A curved mirror surface is usually a portion of a polished smooth spherical surface. The nature of the curved mirror depends on which of the curved surfaces is made smooth. Light will then reflect differently from these surfaces and as a result different types of images are produced.
Converging (concave) vs. Diverging (convex) Mirrors
A curved mirror can be thought of as consisting of a very large number of small plane mirrors oriented at slightly different angles. The laws of reflection always apply, regardless of the shape or smoothness of the surface.
Ray Diagrams for Converging Mirrors
Ray diagram terminology
Principal Axis
An imaginary line joining the centre of curvature (C) the principal focus (F) and the vertex (V).
Vertex (V)
The geometric centre of a curved curved mirror and the point at which the principal axis intersects the mirror.
Centre of Curvature (C)
The center of any curved reflecting surface.
Radius of Curvature (R)
A line drawn from the centre of curvature to any point on the surface of the mirror and which is also perpendicular to the surface at that point.
The length of the radius of curvature is equivalent to twice the focal length (R = 2f).
Principal Focus (F)
Rays parallel to and close to the principal axis of a concave mirror will reflect off the mirror such that they will pass through a single point called the principal focus.

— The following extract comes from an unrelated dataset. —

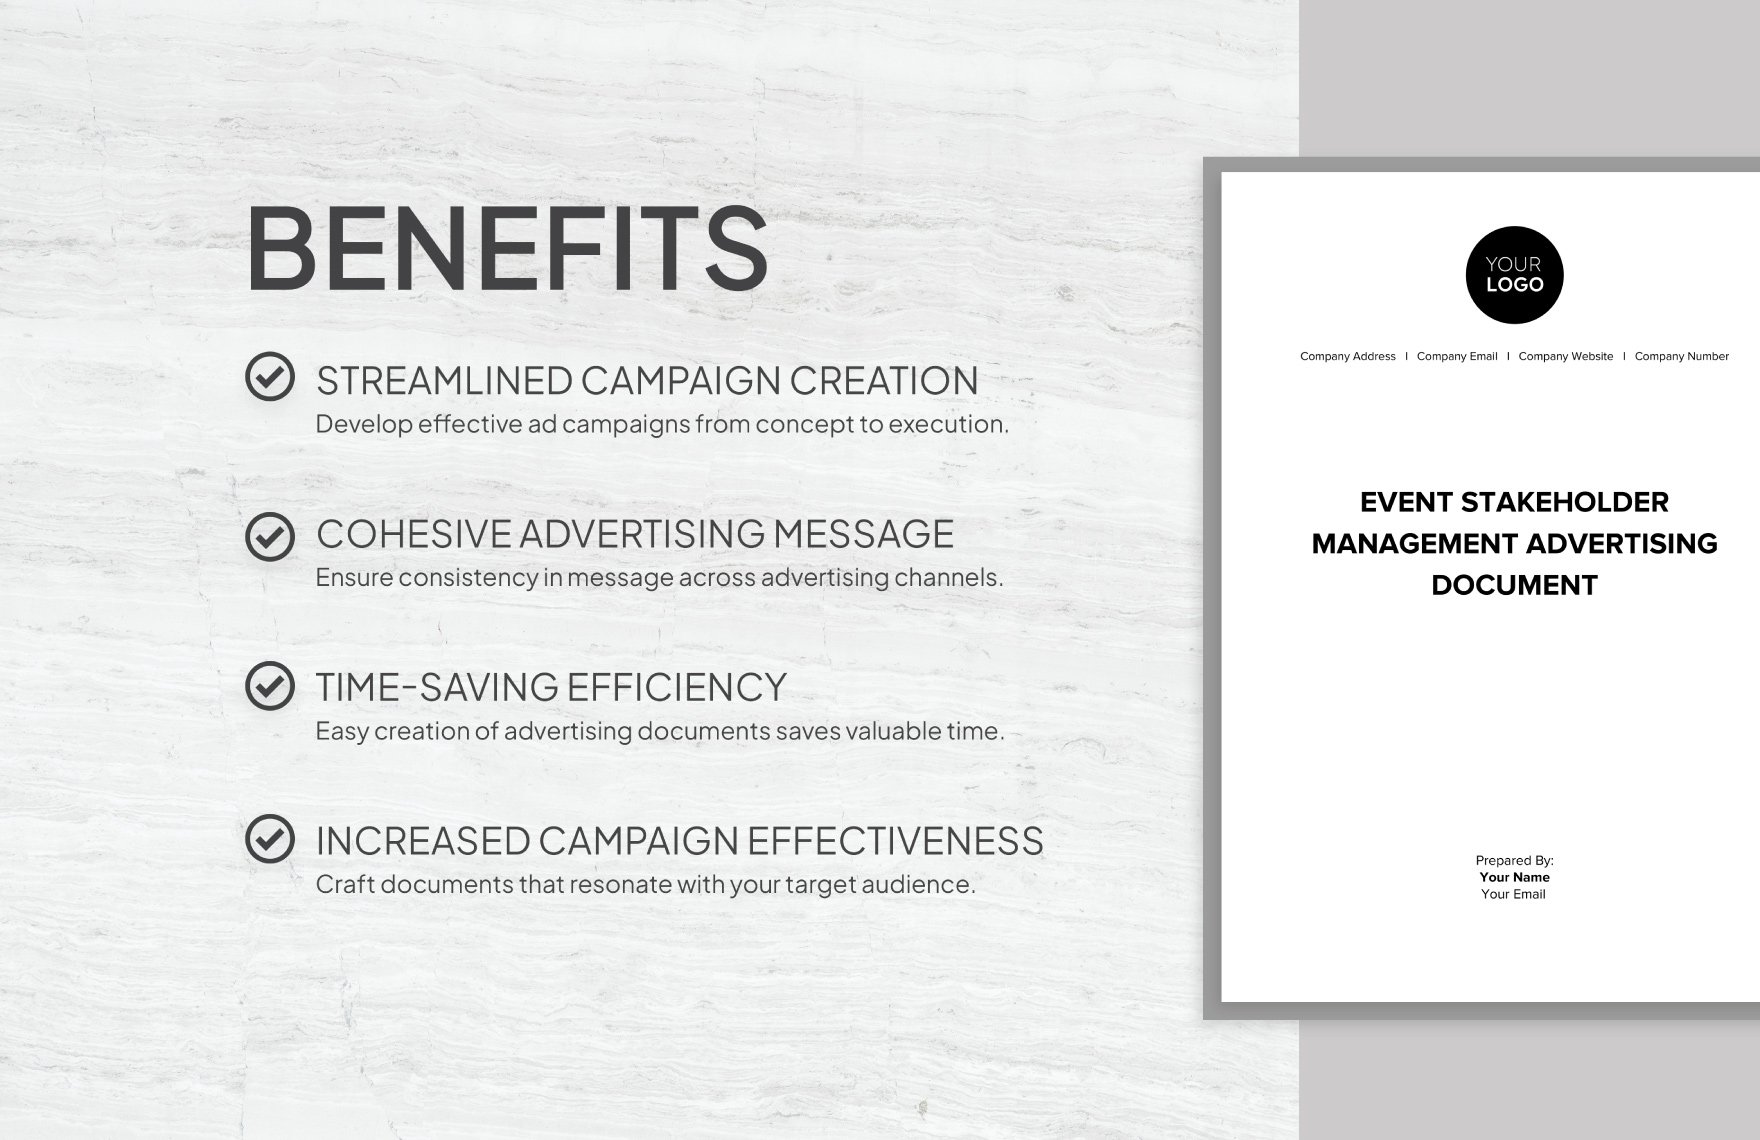 Event Stakeholder Management Advertising Document Template

Rays parallel to and close to the principal axis of a convex mirror will reflect off the mirror such that they will appear to originate from a single point called the principal focus.
Focal Length (f)
The distance between the Vertex (V) and the Principal Focus (F).
Images formed in a converging mirror
- A light ray passing parallel to the principle axis is reflected back through the focal point.
- A light ray that passes through the focal point is reflected back parallel the principle axis.
- A light ray that passes through the center of curvature reflects back along the same path.
Example of how to complete ray diagrams for converging mirrors:
An object 25 cm is located 2f from the converging mirror. What will the height of the image be?Draw a scaled ray diagram and summarize the image characteristics of each image: position, type (real or virtual), magnification (larger or smaller), attitude (upright or inverted).
Steps:
1) Select a scale to be used (1cm = 5 cm)
2) Draw a scaled diagram of the object in the correct position (arrow, top of the arrow points up)
3) Use at least two of the three special rays to locate the image(where the light rays will cross) Note: The third ray should be used as a check
4) Draw in the image, measure and convert back using the scale.